* [What you have to do]: The reply should hold every line of the listing exactly, and none of its images.

* [The data]:
↓↓↓

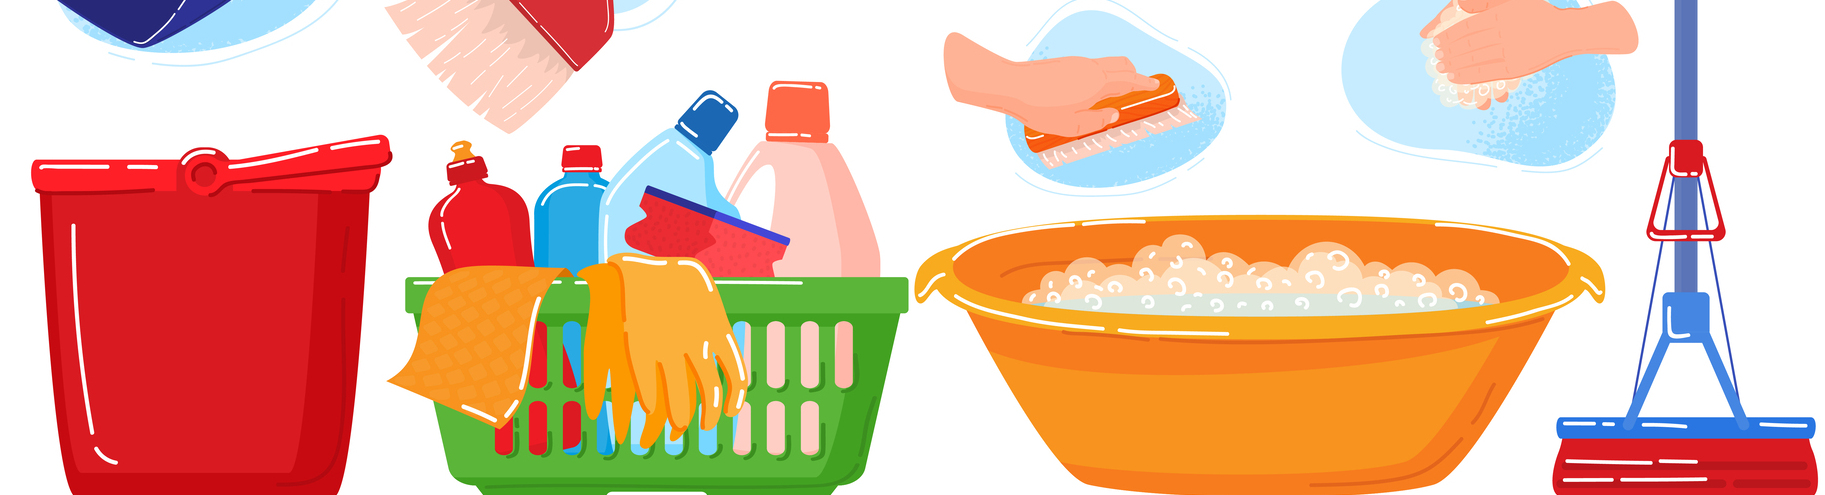 itens de limpeza para higienizar a casa e outros ambientes
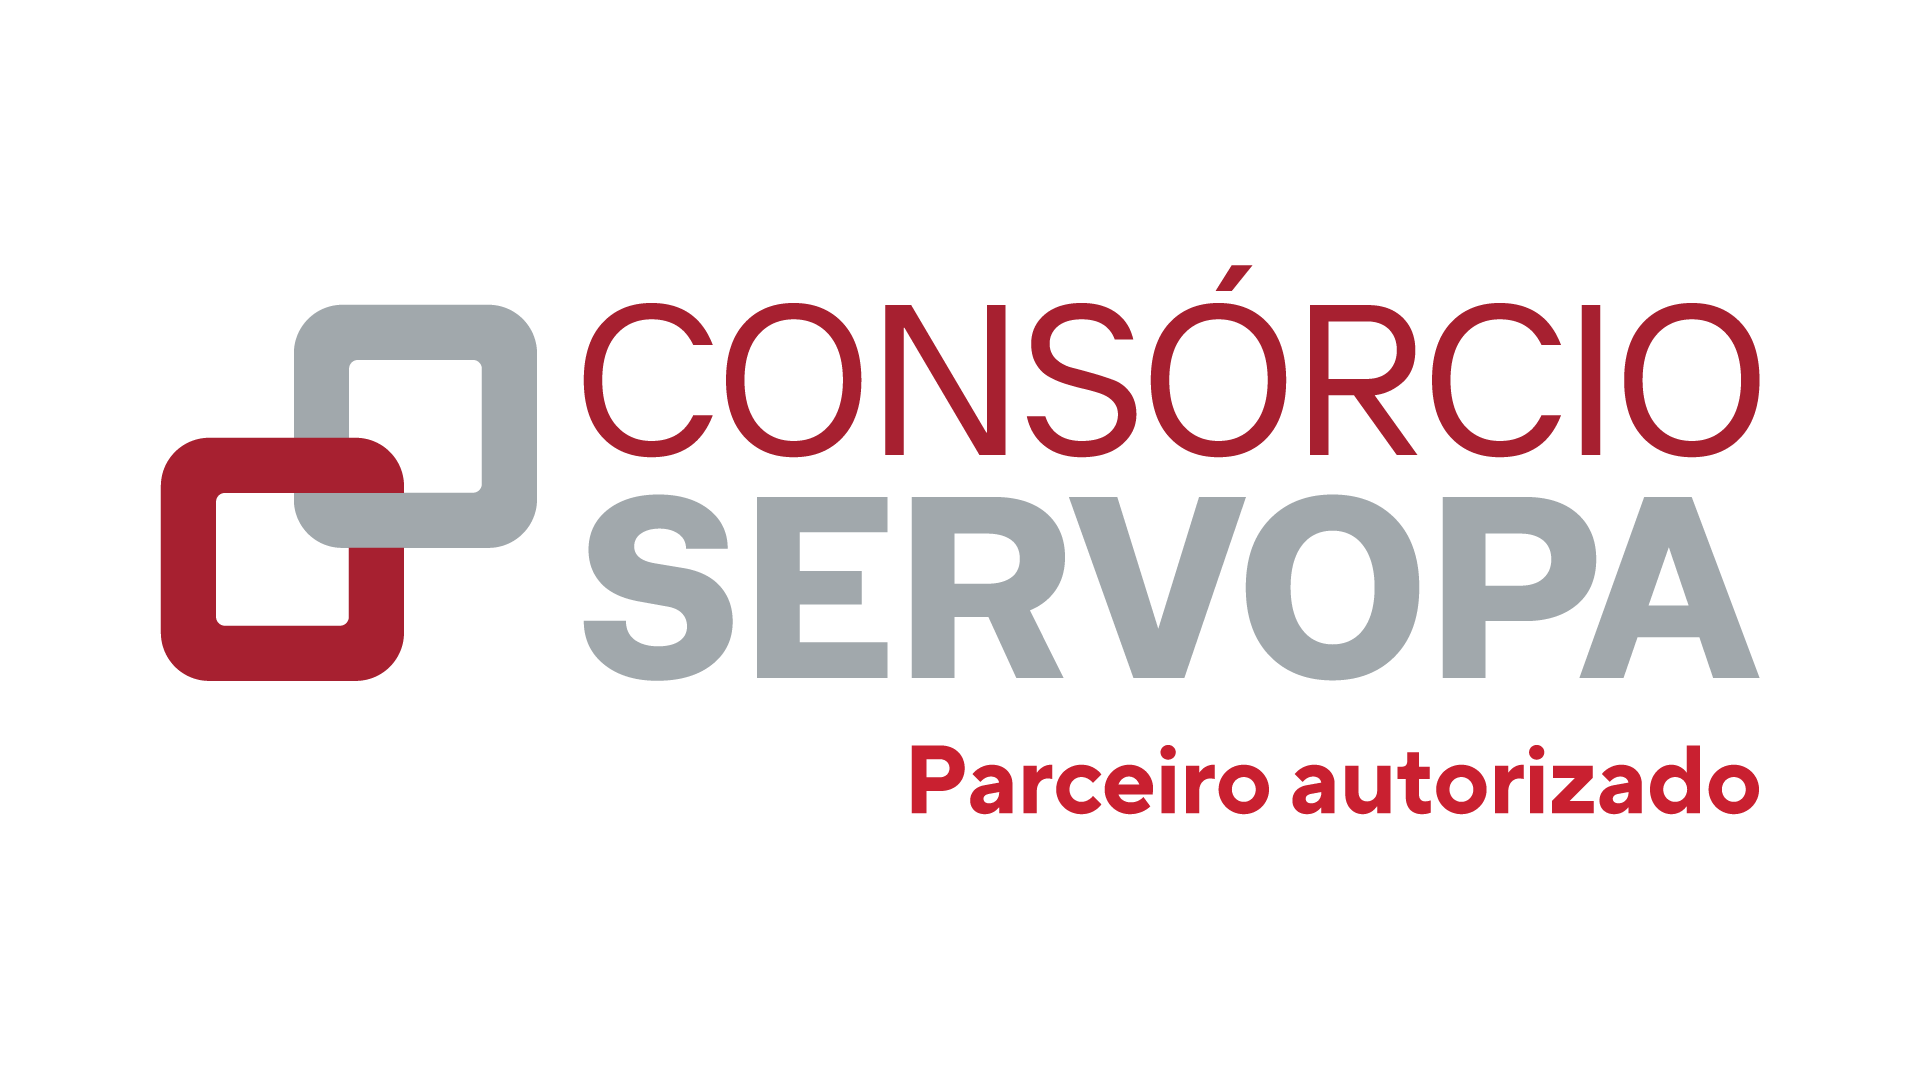 LOGO-CONSORCIO-SERVOPA_PARCEIROS
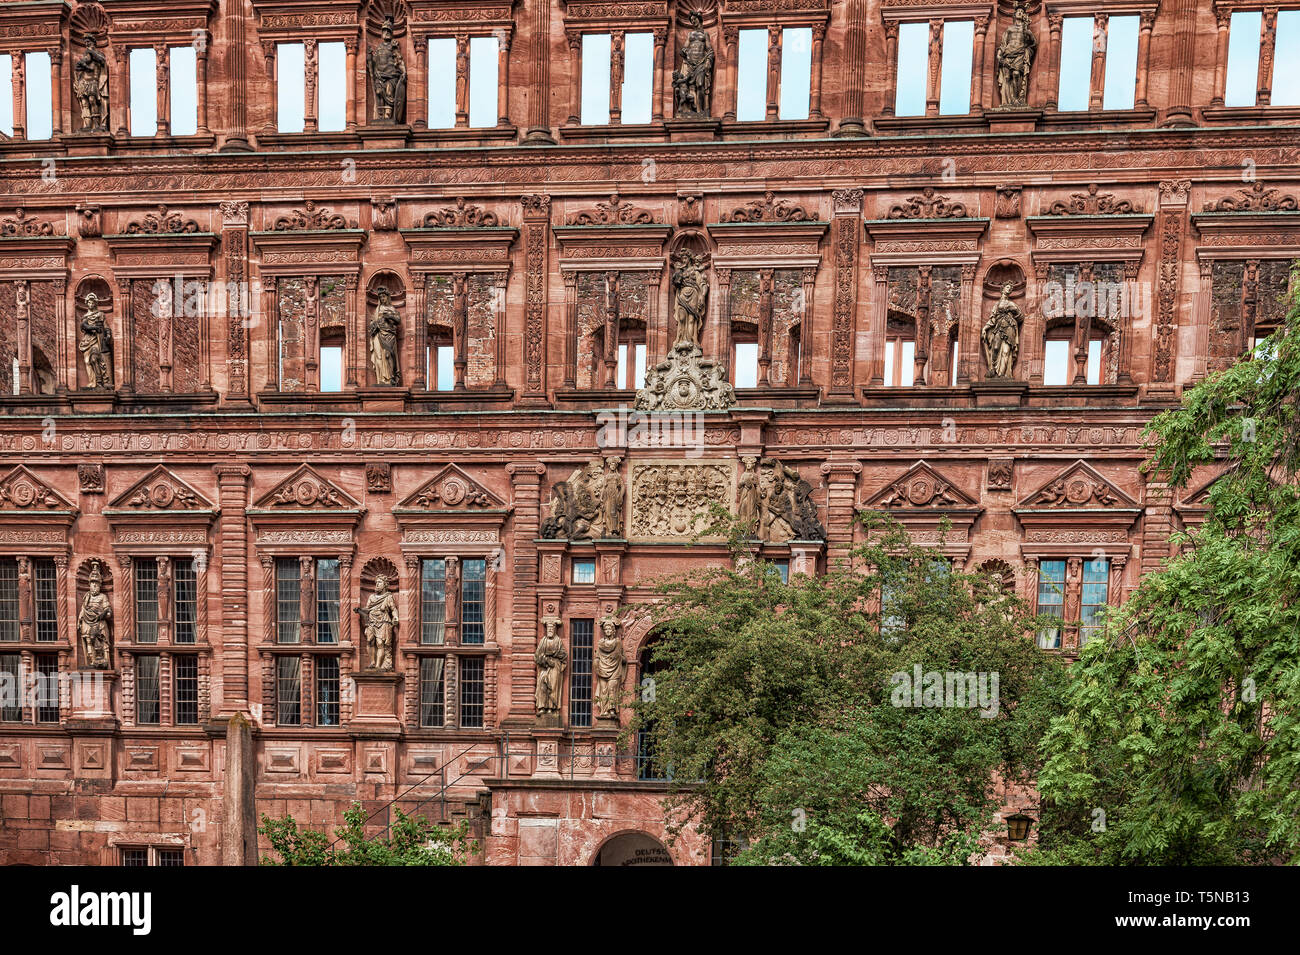 Facade of the Heidelberg castle ruins Stock Photo

↑↑↑

* [Reply to the exercise]:
 itens de limpeza para higienizar a casa e outros ambientes
 LOGO-CONSORCIO-SERVOPA_PARCEIROS
 Facade of the Heidelberg castle ruins Stock Photo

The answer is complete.